Orientation-dependent deformation behaviors of β single crystal micropillars in a metastable β titanium alloy

Abstract

The compressive deformation behaviors were investigated in metastable β Ti–7Mo–3Al–3Cr–3Nb alloy single crystal micropillars oriented to [011]β and [001]β. The study demonstrates that the metastable β titanium single crystal oriented to [001]β exhibits nonlinear elastic behavior with hysteresis, which is attributed to reverse β to α″ transformation. Furthermore, the yield strength of the single crystal oriented to [011]β is almost twice as of the single crystal oriented to [001]β, which is influenced by the different roles of ωath in both pillars due to differences in shear modulus G, in addition to being determined by the deformation mechanism at yielding.

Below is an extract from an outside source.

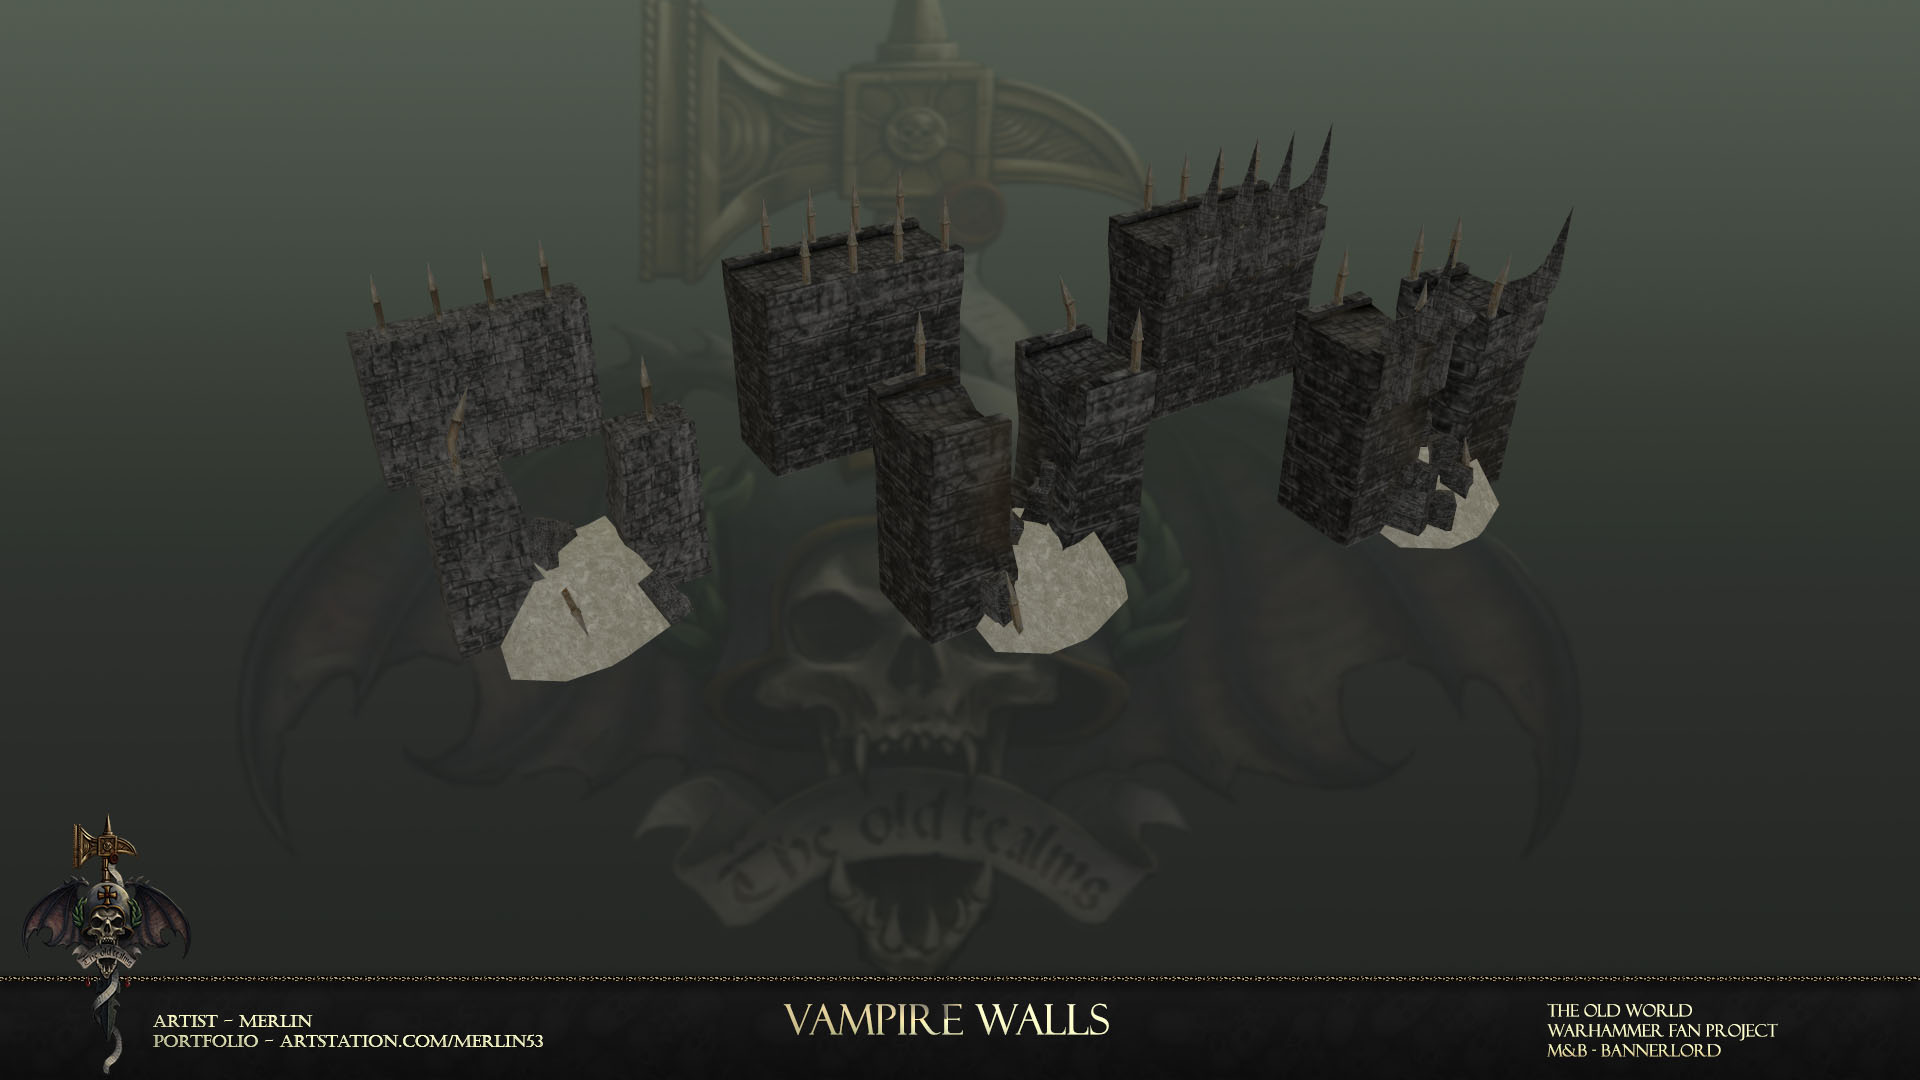 Vampire walls

The continuous impedance to dislocation motion of ω and α″ phase in the pillar oriented to [011]β leads to a stable plastic flow behavior, but reverse β to ω phase transformation facilitating the formation of massive SIMα″ results in a sudden strain burst in the pillar oriented to [001]β. Finally, we find that the pillar oriented to [011]β is dominated by dislocation slip but SIMα″ occupies a dominant position in the pillar oriented to [001]β in the early deformation stage, which is same as predicted based on the martensitic transformation theory in metastable β titanium alloys.